Lopinavir/r no longer recommended as a first‐line regimen: a comparative effectiveness analysis

oleh: Valérie Potard, David Rey, Isabelle Poizot‐Martin, Saadia Mokhtari, Christian Pradier, Willy Rozenbaum, Françoise Brun‐Vezinet, Dominique Costagliola, on behalf of the FHDH ANRS CO4 (French Hospital Database on HIV, Agence Nationale de Recherches sur le Sida, cohort 4)

Format: Article
Diterbitkan: Wiley 2014-01-01

Deskripsi

Introduction We compared the effectiveness of tenofovir/emtricitabine (TDF/FTC) combined with either lopinavir/r (LPV/r) or another recommended third drug in the 2010 French guidelines in antiretroviral‐naïve patients starting combination antiretroviral therapy in 2004–2008 in the French Hospital Database on HIV. Methods The outcomes were stop or switch of the third component, viral load (VL) <500 copies/ml, an increase of at least 100 CD4 cells/mm3, AIDS‐defining event and non‐AIDS‐defining hospitalization or death.
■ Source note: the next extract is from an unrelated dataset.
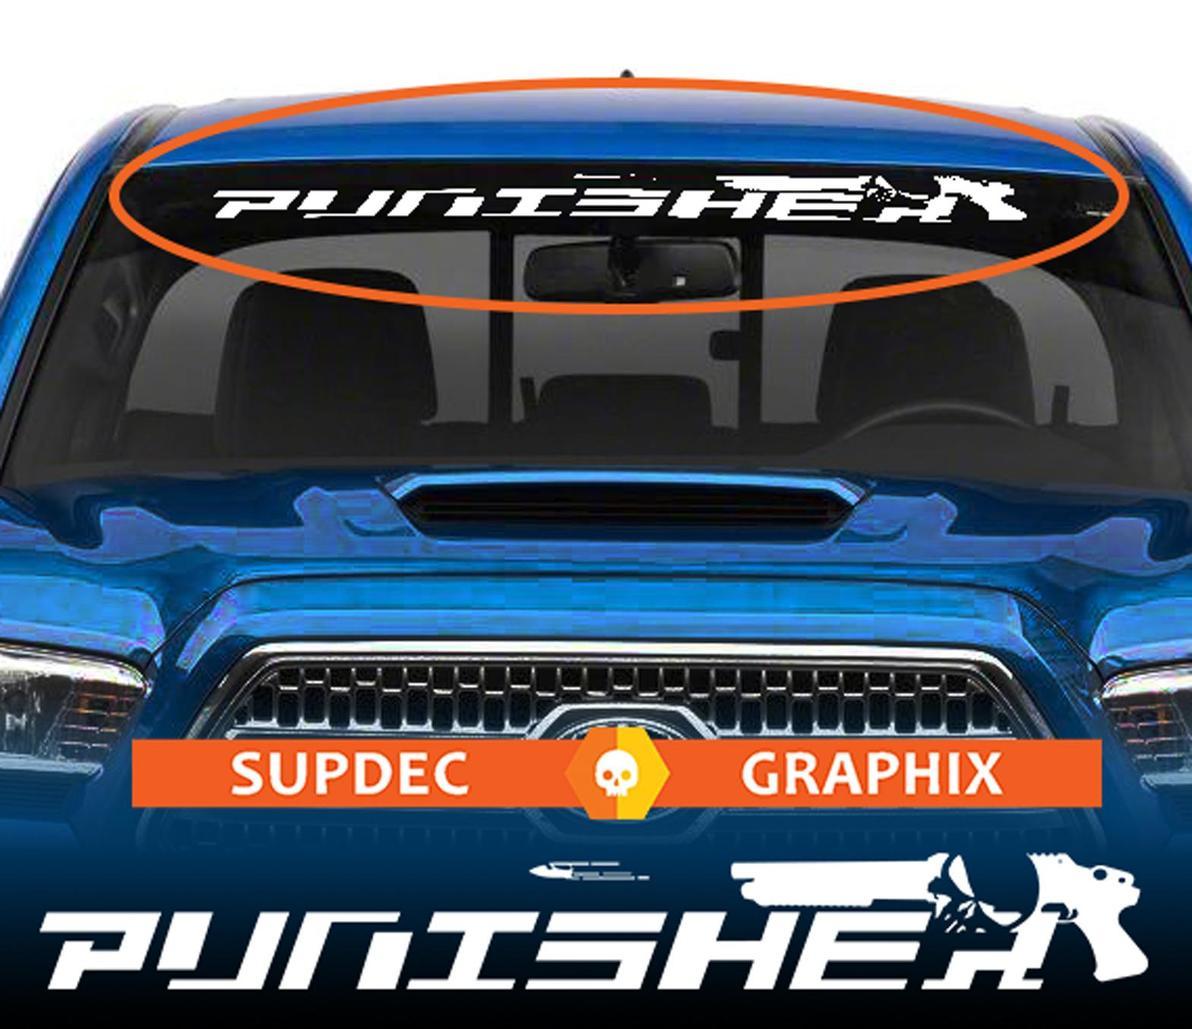 Punisher Kugel Fenster Windschutzscheibe Banner Aufkleber Aufkleber von SupDec Graphix

Propensity scores were estimated by logistic regression based on the clinical centre and other confounders. In each clinical centre, each patient initiating LPV/r was matched with a patient initiating another third drug (efavirenz or atazanavir/r) and having a close propensity score. Cox's proportional hazards models were then used, with treatment as covariate. Time was right‐censored at four years. Results 1269 patients started LPV/r plus TDF/FTC, and 890 could be matched to 890 patients receiving another third drug. Baseline characteristics were well balanced between these two groups. LPV/r was associated with a higher risk of third drug stop (hazard ratio (HR): 1.69; 95% confidence interval (CI), 1.42–2.00) and with less rapid viral suppression (HR: 0.83; 95% CI, 0.72–0.95). There was no difference in the time required for a CD4 cell increment of at least 100/mm3, or to the occurrence of an AIDS‐defining event. Non‐AIDS‐defining hospitalizations or deaths were more frequent with LPV/r (HR: 1.79; 95% CI, 1.33–2.39). Conclusions For first‐line therapy, in this observational setting, TDF/FTC plus LPV/r were less durable than TDF/FTC plus another recommended third drug, led to a less rapid viral suppression and were associated with a higher risk of non‐AIDS morbidity.